Canary Deployments using Istio

By Frank Budinsky | June 14, 2017 (updated on May 16, 2018) | 9 minute read

One of the benefits of the Istio project is that it provides the control needed to deploy canary services. The idea behind canary deployment (or rollout) is to introduce a new version of a service by first testing it using a small percentage of user traffic, and then if all goes well, increase, possibly gradually in increments, the percentage while simultaneously phasing out the old version. If anything goes wrong along the way, we abort and rollback to the previous version. In its simplest form, the traffic sent to the canary version is a randomly selected percentage of requests, but in more sophisticated schemes it can be based on the region, user, or other properties of the request.

Depending on your level of expertise in this area, you may wonder why Istio’s support for canary deployment is even needed, given that platforms like Kubernetes already provide a way to do version rollout and canary deployment. Problem solved, right? Well, not exactly. Although doing a rollout this way works in simple cases, it’s very limited, especially in large scale cloud environments receiving lots of (and especially varying amounts of) traffic, where autoscaling is needed.

Canary deployment in Kubernetes

As an example, let’s say we have a deployed service, helloworld version v1, for which we would like to test (or simply rollout) a new version, v2. Using Kubernetes, you can rollout a new version of the helloworld service by simply updating the image in the service’s corresponding Deployment and letting the rollout happen automatically. If we take particular care to ensure that there are enough v1 replicas running when we start and pause the rollout after only one or two v2 replicas have been started, we can keep the canary’s effect on the system very small. We can then observe the effect before deciding to proceed or, if necessary, rollback.
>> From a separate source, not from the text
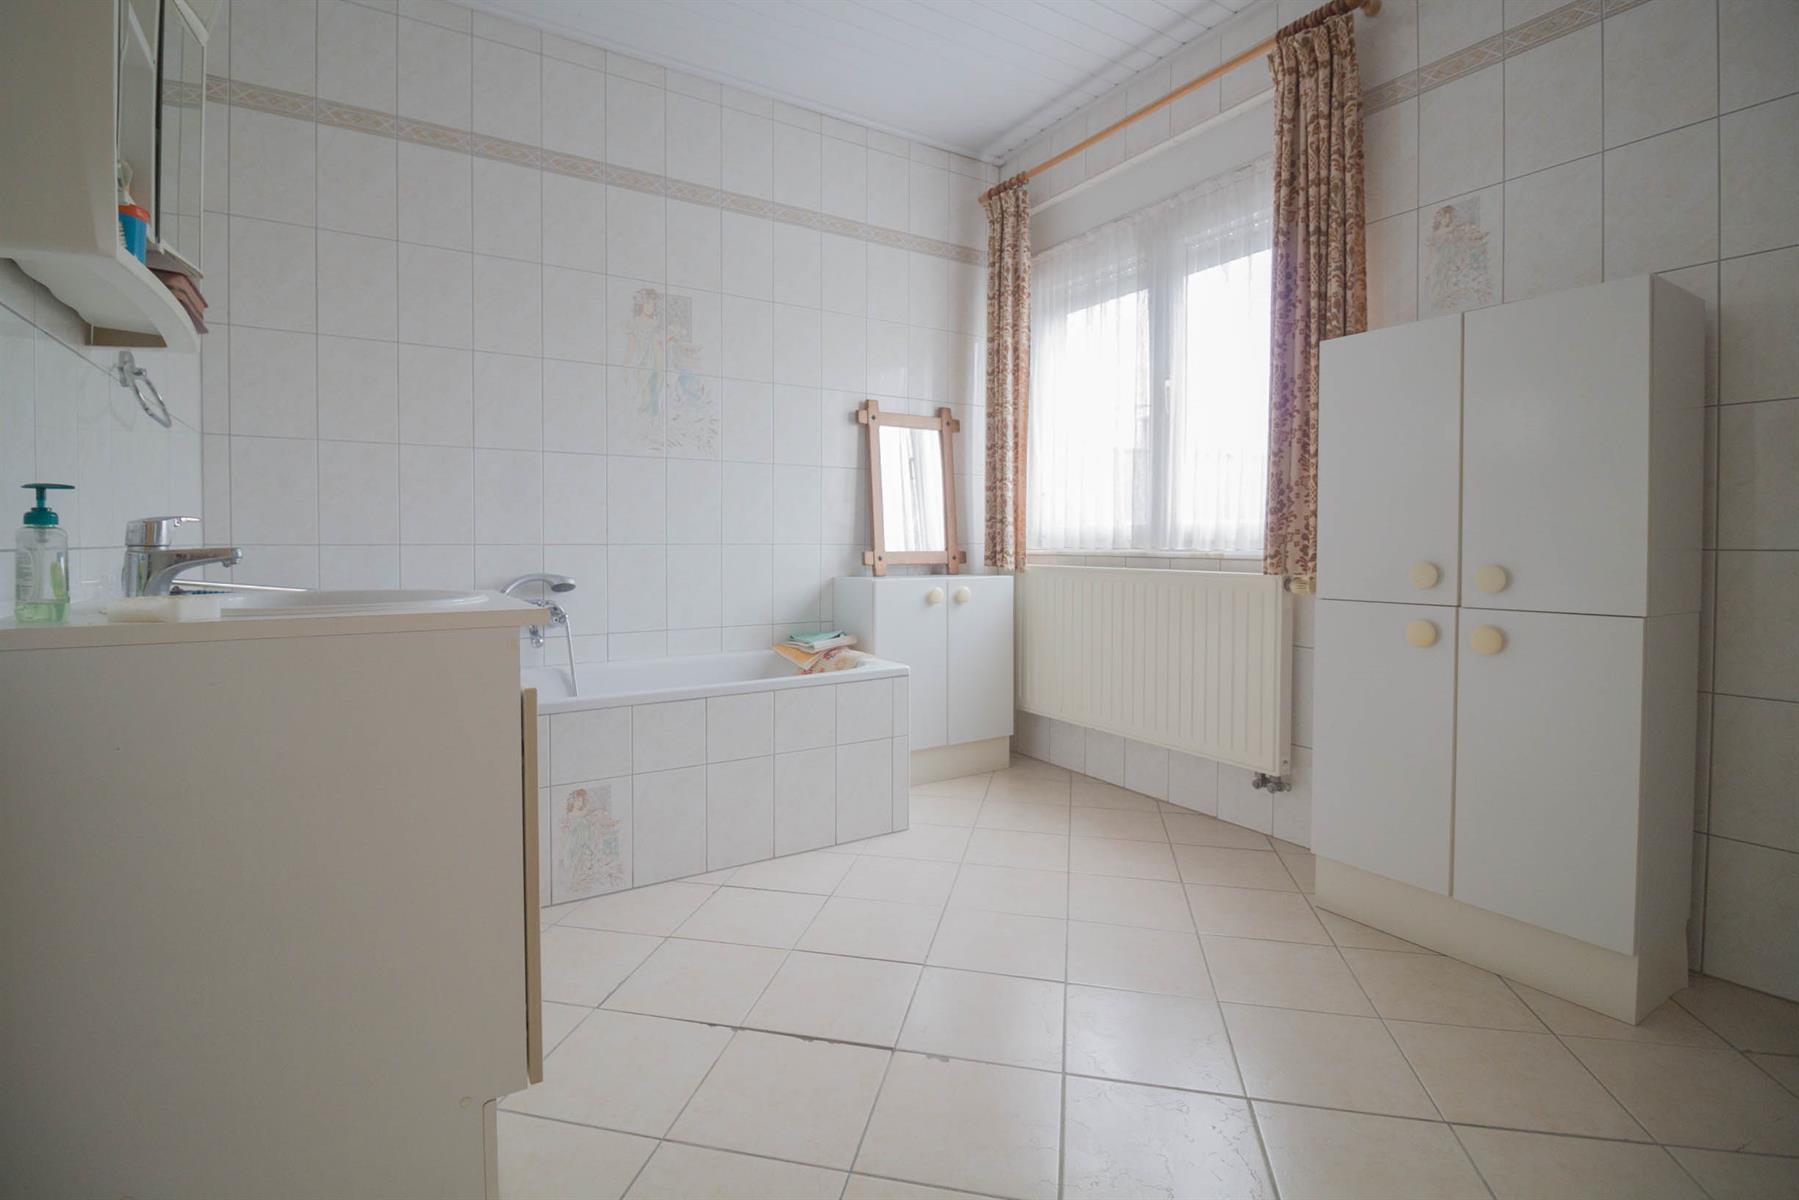 Appartement - Trazegnies - #4359277-16

Best of all, we can even attach a horizontal pod autoscaler to the Deployment and it will keep the replica ratios consistent if, during the rollout process, it also needs to scale replicas up or down to handle traffic load.
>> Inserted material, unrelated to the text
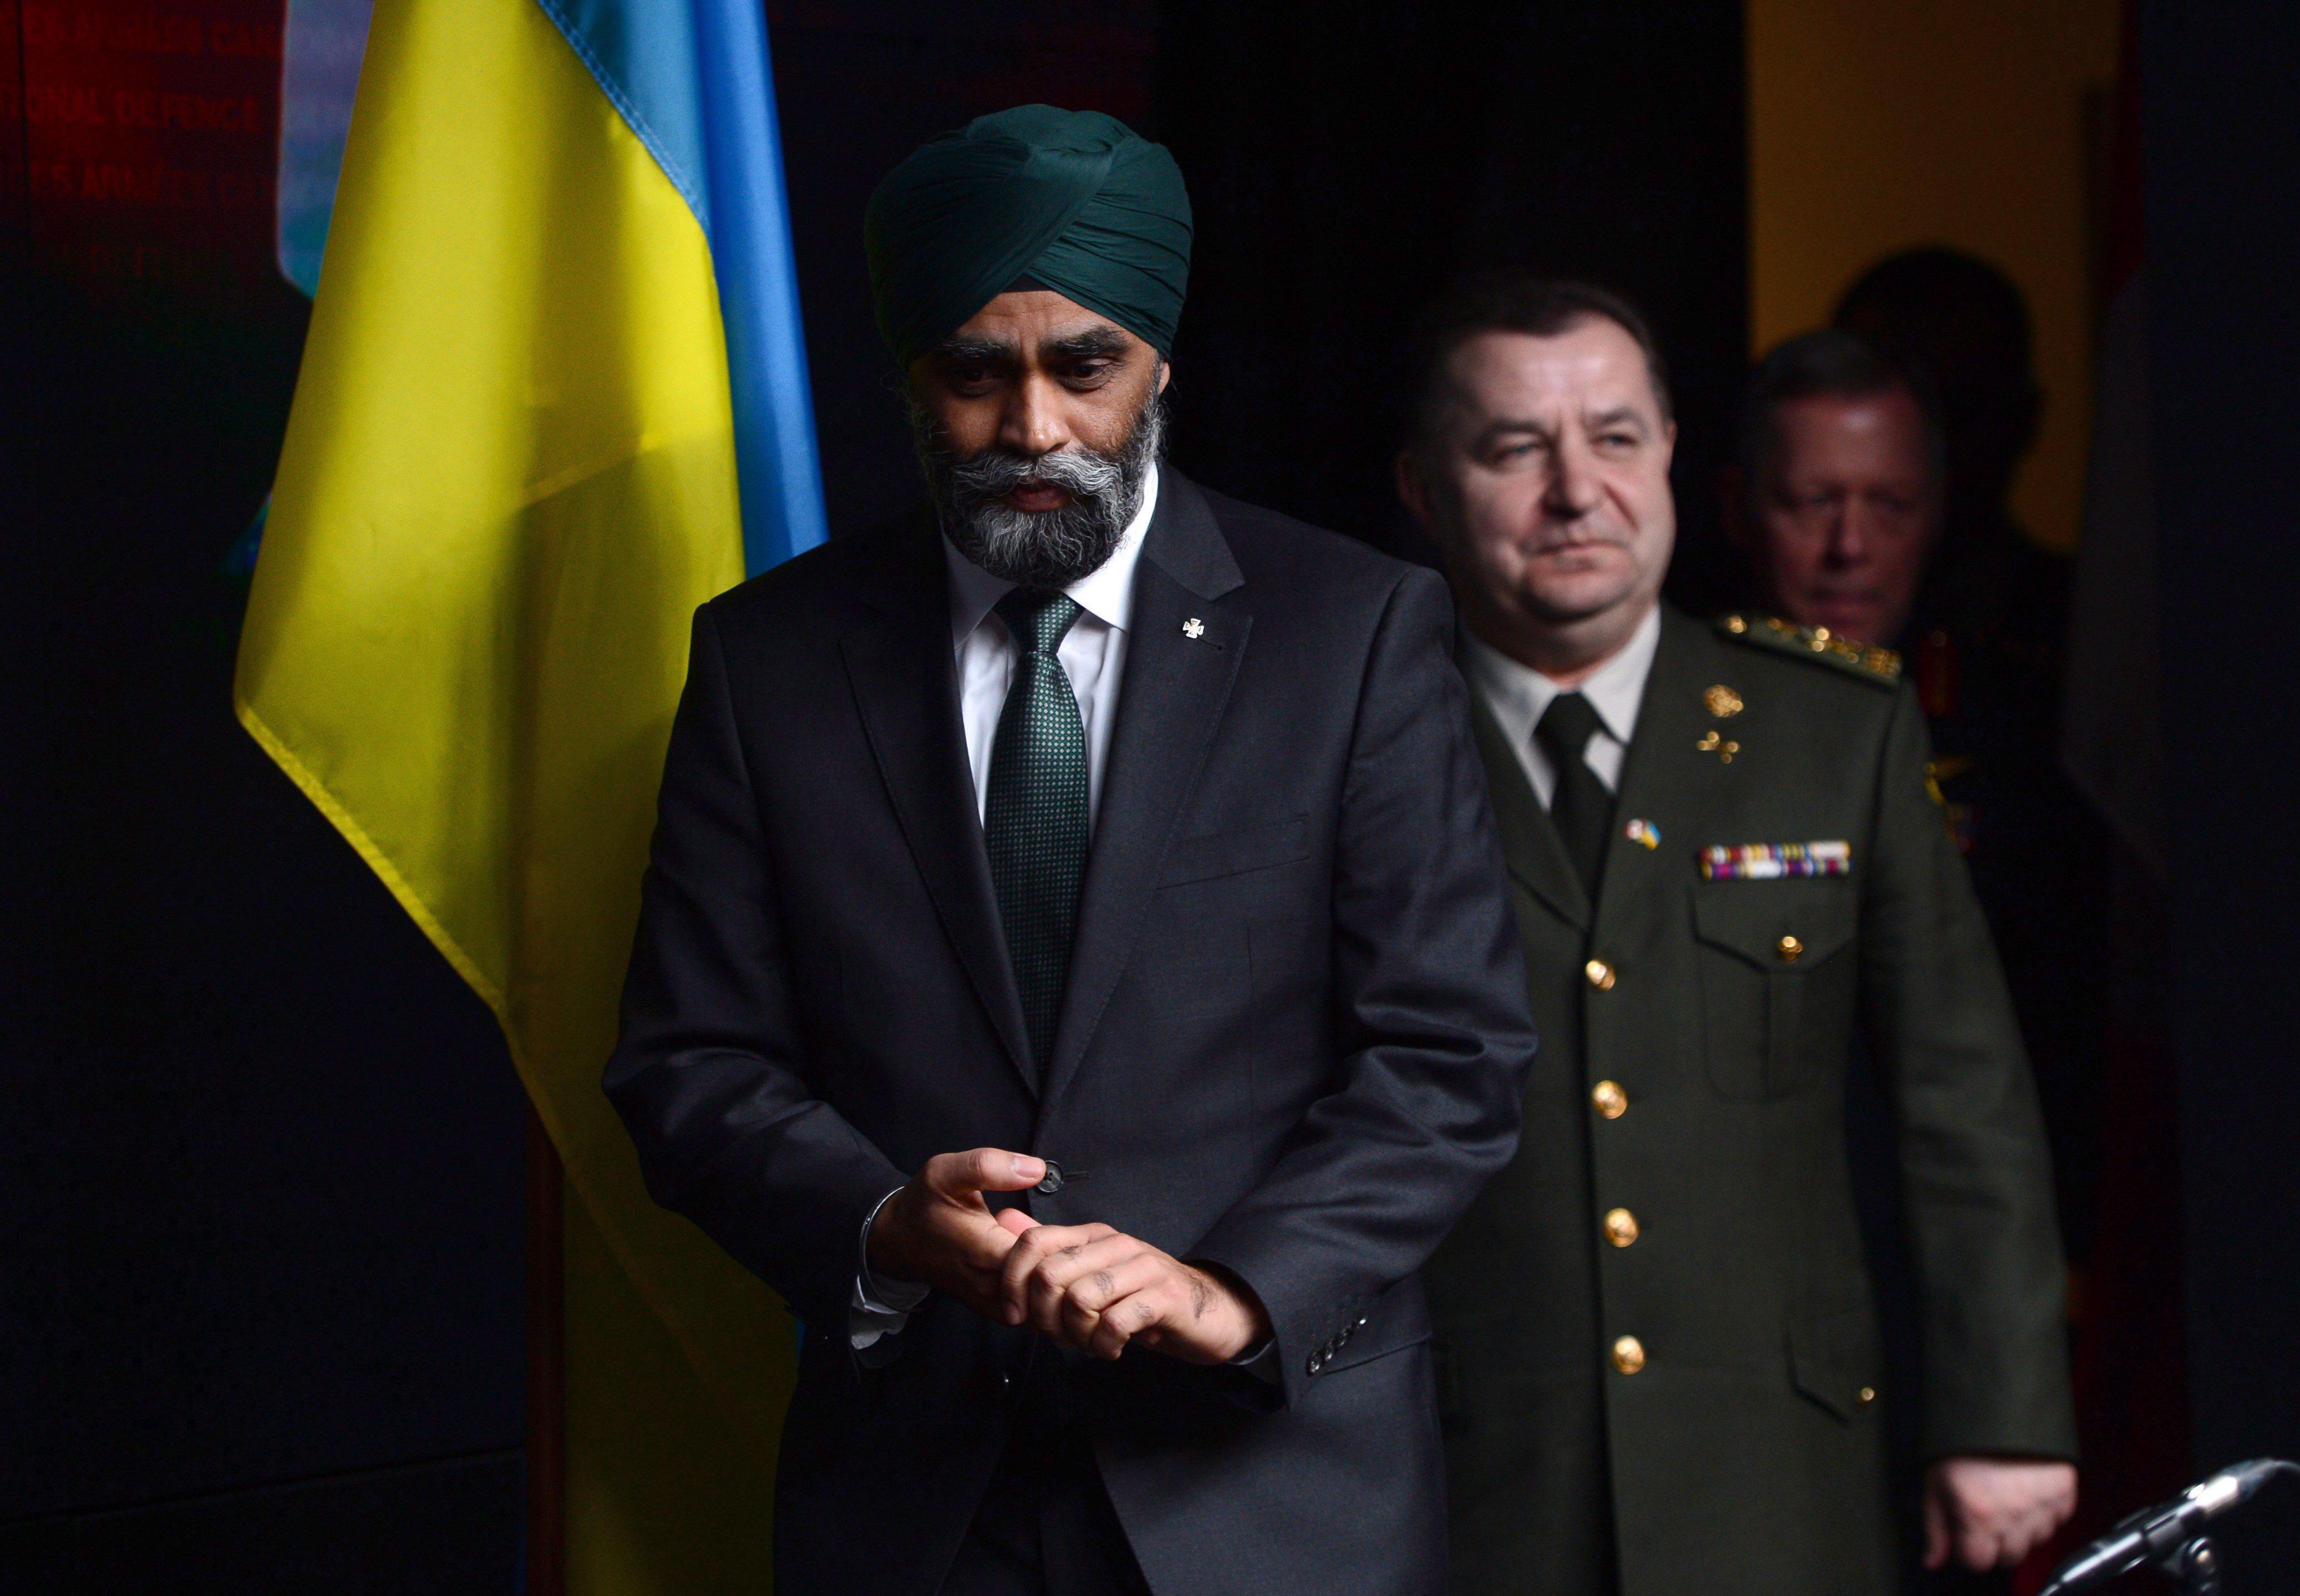 Defence Minister Harjit Sajjan and his Ukrainian counterpart, Defence Minister Stepan Poltorak, meet...

Although fine for what it does, this approach is only useful when we have a properly tested version that we want to deploy, i.e., more of a blue/green, a.k.a. red/black, kind of upgrade than a “dip your feet in the water” kind of canary deployment. In fact, for the latter (for example, testing a canary version that may not even be ready or intended for wider exposure), the canary deployment in Kubernetes would be done using two Deployments with common pod labels. In this case, we can’t use autoscaling anymore because it’s now being done by two independent autoscalers, one for each Deployment, so the replica ratios (percentages) may vary from the desired ratio, depending purely on load.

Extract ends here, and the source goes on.